Thinking that $(a+b)^n = a^n + b^n$. This is completely false (unless $n=1$). You MUST include the middle terms (cross-terms). $(a+b)^2 = a^2 + 2ab + b^2$.

❌ Mistake

Forgetting Negative Signs

✅ Correction

If the expression is $(a - b)^n$, treat it as $(a + (-b))^n$. This means the signs will alternate between positive and negative in the expansion.

Real-World Applications

Probability: Coin Flips

The Binomial Theorem is the foundation of the Binomial Distribution in probability.
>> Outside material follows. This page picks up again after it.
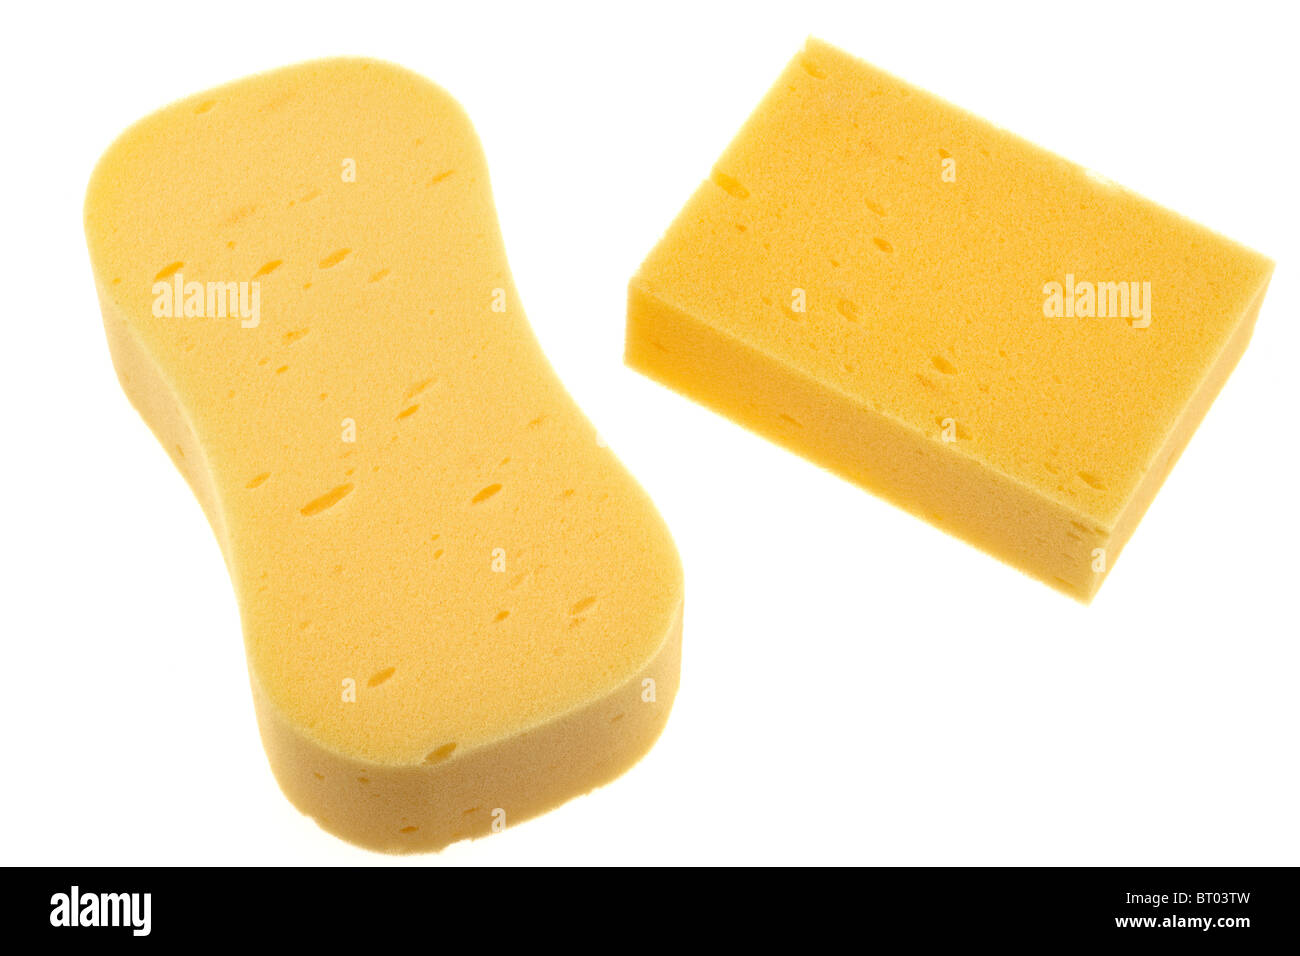 Two yellow sponges Stock Photo

If you flip a coin $n$ times, the number of ways to get exactly $k$ heads is given by the binomial coefficient $\binom{n}{k}$. The term $\binom{n}{k} p^k (1-p)^{n-k}$ gives the exact probability of $k$ successes.

Genetics

In simple Mendelian genetics, if two hybrid parents (Aa) cross, the offspring traits follow binomial probabilities. For multiple traits or polygenic inheritance, the distribution of phenotypes often approximates the expansion of $(a+b)^n$.

Frequently Asked Questions

What is "n choose k"?

It is the number of ways to choose $k$ items from a set of $n$ distinct items, ignoring order. Formula: $\frac{n!}{k!(n-k)!}$.

Does this work for fractional powers?

Yes, but it produces an infinite series (Newton's Generalized Binomial Theorem) instead of a finite polynomial. This is used in calculus for approximations (Taylor Series).